Experimental Fock-State Bunching Capability of Non-Ideal Single-Photon States

• URL: http://arxiv.org/abs/2012.08544v2
• Date: Tue, 25 May 2021 09:23:57 GMT
• Title: Experimental Fock-State Bunching Capability of Non-Ideal Single-Photon States
• Authors: P. Zapletal, T. Darras, H. Le Jeannic, A. Cavaill\`es, G. Guccione, J. Laurat, R. Filip
• Abstract summary: We introduce an experimental Fock-state bunching capability for single-photon sources, which uses phase-space interference for extreme bunching events as a quantifier. Our work demonstrates a novel collective benchmark for single-photon sources and their use in subsequent stringent applications.
• Score: 0.0
• License: http://arxiv.org/licenses/nonexclusive-distrib/1.0/
• Abstract: Advanced quantum technologies, as well as fundamental tests of quantum physics, crucially require the interference of multiple single photons in linear-optics circuits.

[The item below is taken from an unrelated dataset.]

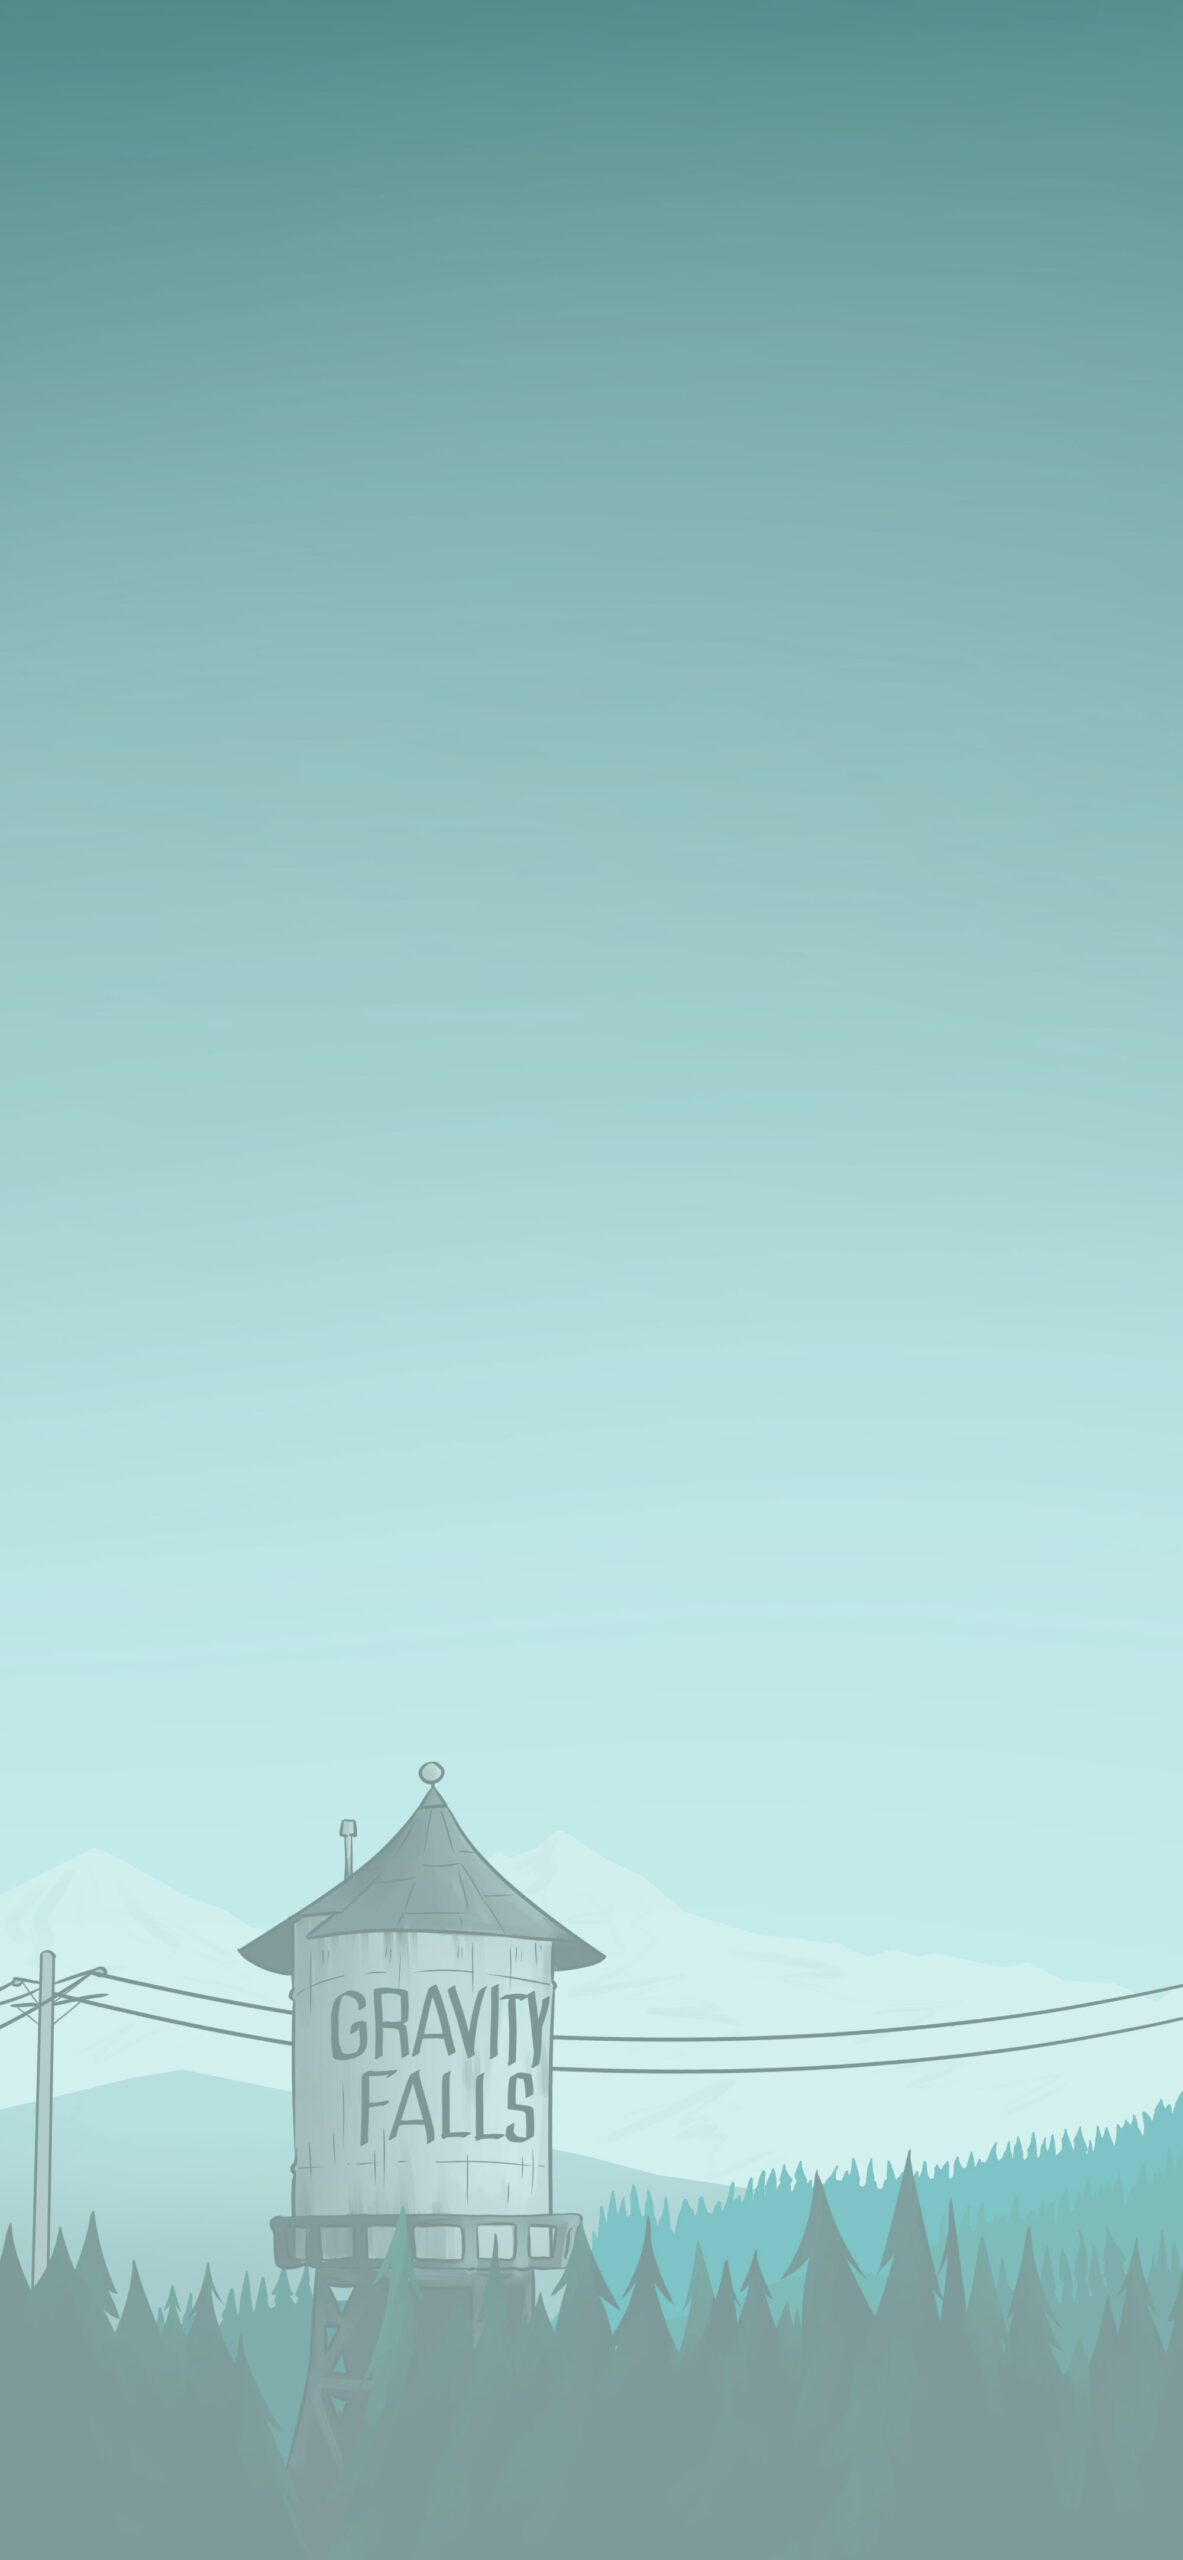 Gravity Falls Water Tower Wallpapers - Gravity Falls Wallpaper for Phone

This interference can result in the bunching of photons into higher Fock states, leading to a complex bosonic behaviour. These challenging tasks timely require to develop collective criteria to benchmark many independent initial resources. Here we determine whether n independent imperfect single photons can ultimately bunch into the Fock state $|n \rangle$. We thereby introduce an experimental Fock-state bunching capability for single-photon sources, which uses phase-space interference for extreme bunching events as a quantifier. In contrast to autocorrelation functions, this operational approach takes into account not only residual multi-photon components but also vacuum admixture and the dispersion of the individual photon statistics. We apply this approach to high-purity single photons generated from an optical parametric oscillator and show that they can lead to a Fock-state capability of at least 14. Our work demonstrates a novel collective benchmark for single-photon sources and their use in subsequent stringent applications.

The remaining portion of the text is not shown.